I Can Finally Be Proud of Who I Am!
Wow!!!!! I seriously cannot believe this day has come. I look back to 4 months ago when I arrived at Narconon for the first time… and although I cannot remember much about it, I know how broken and mixed up I was. I truly was a hot mess!
The person who walked or should I say stumbled in was not actually a person, but a walking dead filled with anger, darkness, disease, weakness, and fear. That shell of a person was careless and reckless and risked herself and anyone or anything around her so she could autopilot her way down a path of destruction.
I remember being in the withdrawal unit and watched those at the end of their program in envy. I longed to be where they were in life but failed to realize that would be me one day. Now here I am, standing tall, laughing, waking up in the actual morning, not in the middle of the afternoon and getting ready.
I also found a group of individuals who care about me, don’t judge me, and appreciate who I am…

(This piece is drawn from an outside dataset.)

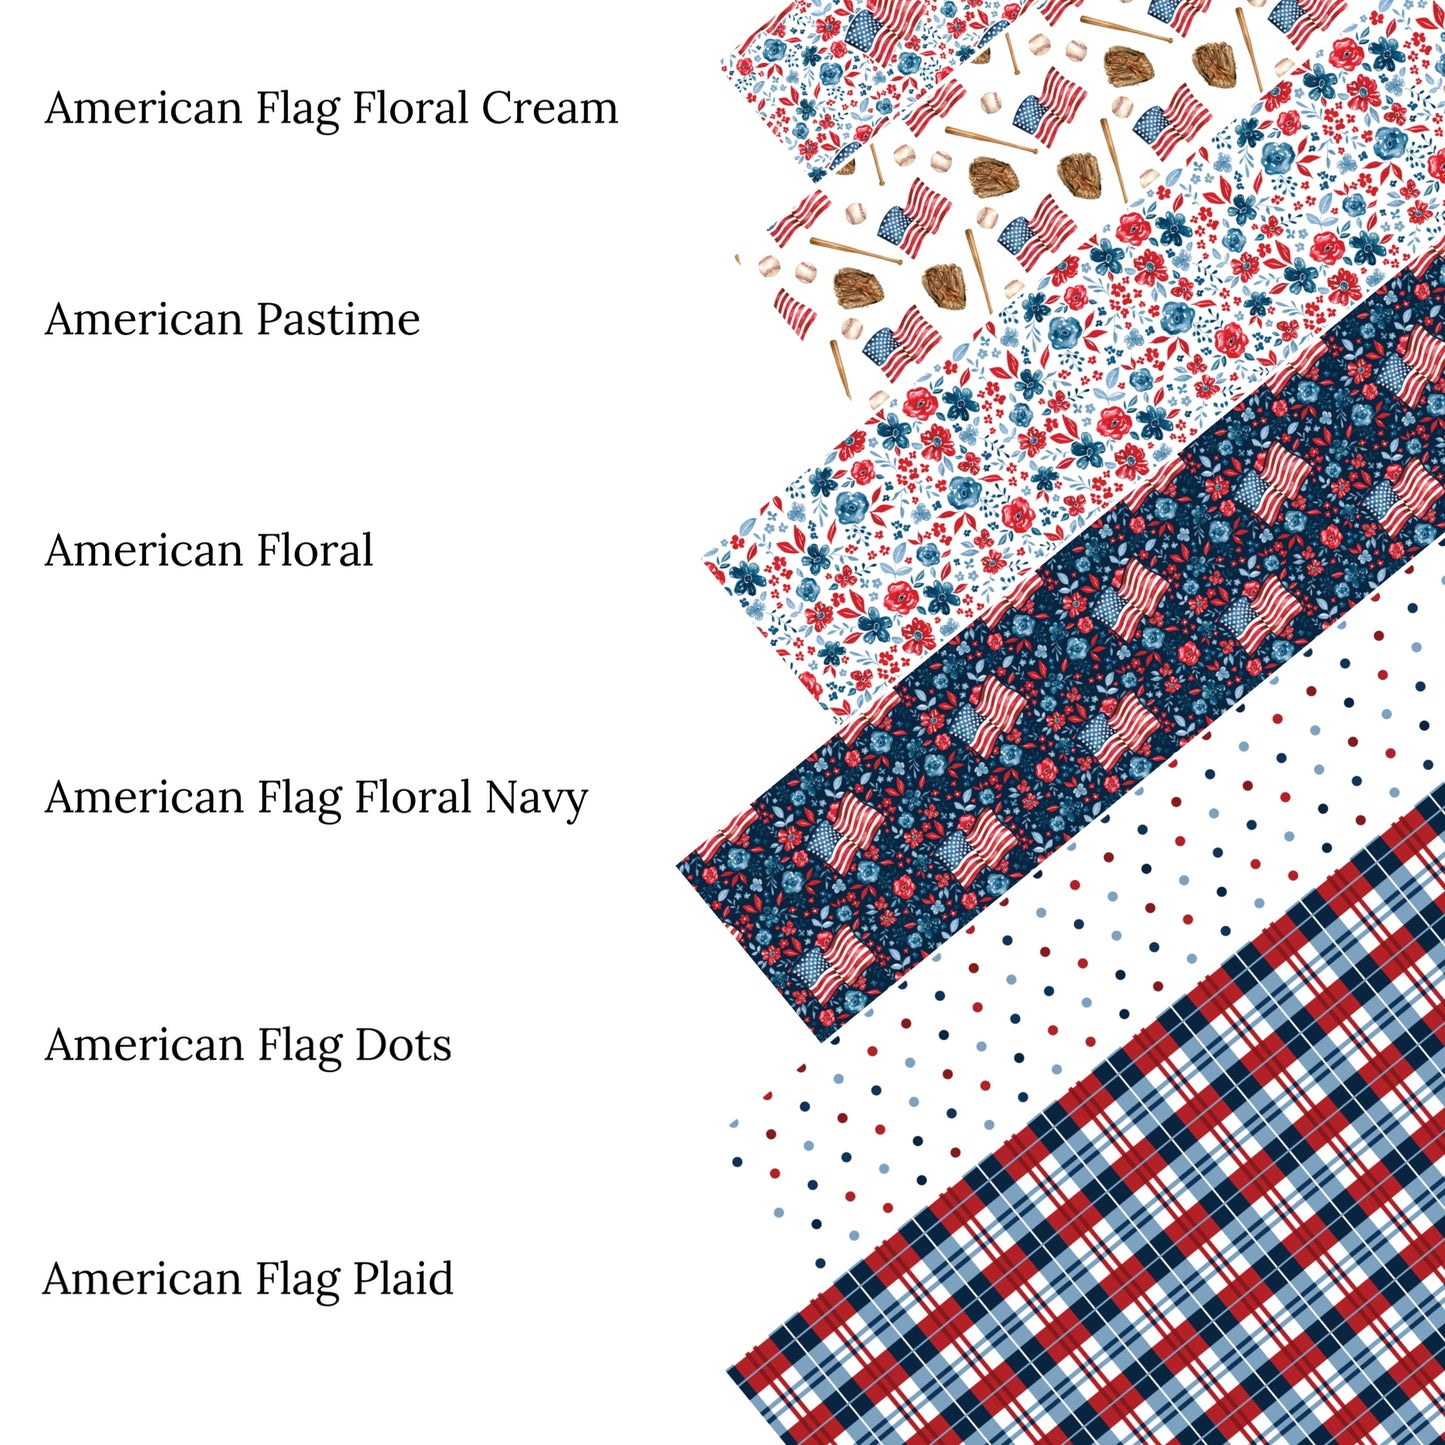 American Flag Floral Cream Faux Leather Sheets
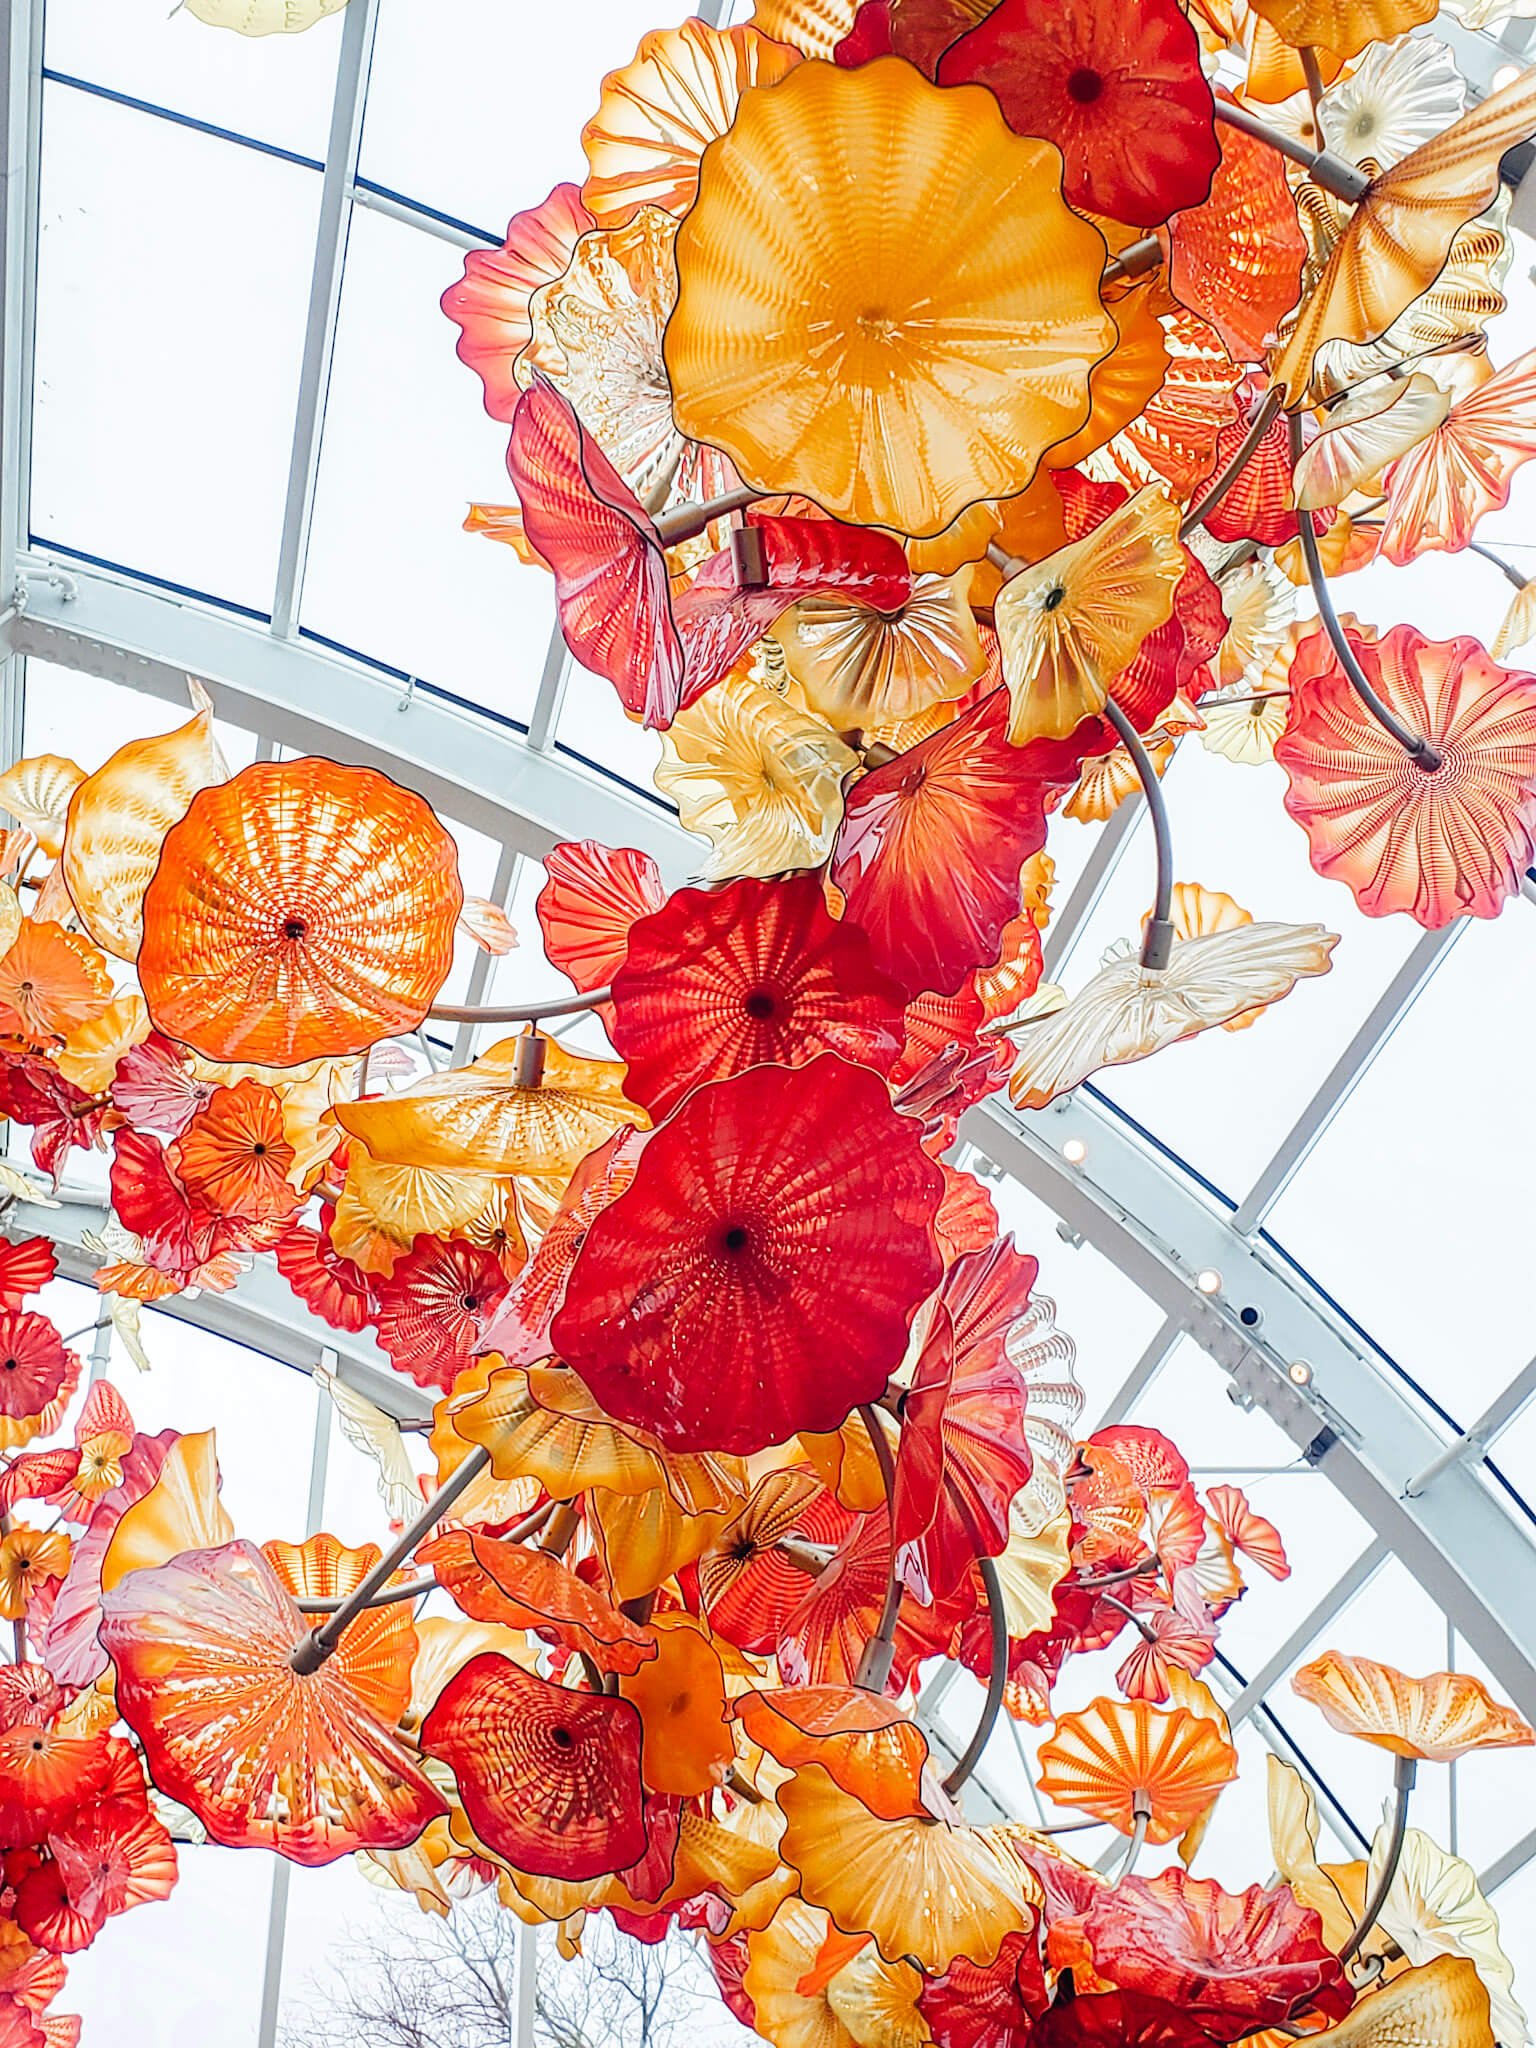 Chihuly Gardens and Glass sculpture

I look at my life through eyes full of love, motivation, determination, confidence, and genuine happiness. I am so happy I chose to come to Narconon because it was here that I found who I was. I also found a group of individuals who care about me, don’t judge me, and appreciate who I am. They can look at my past with me and laugh about the minor things and console me about the deep things, all the while never making me feel bad.
I don’t regret who I was because it made me who I am today and for once I can finally be proud of what that is!
(To preserve privacy, the photo does not show an actual Narconon student or graduate.)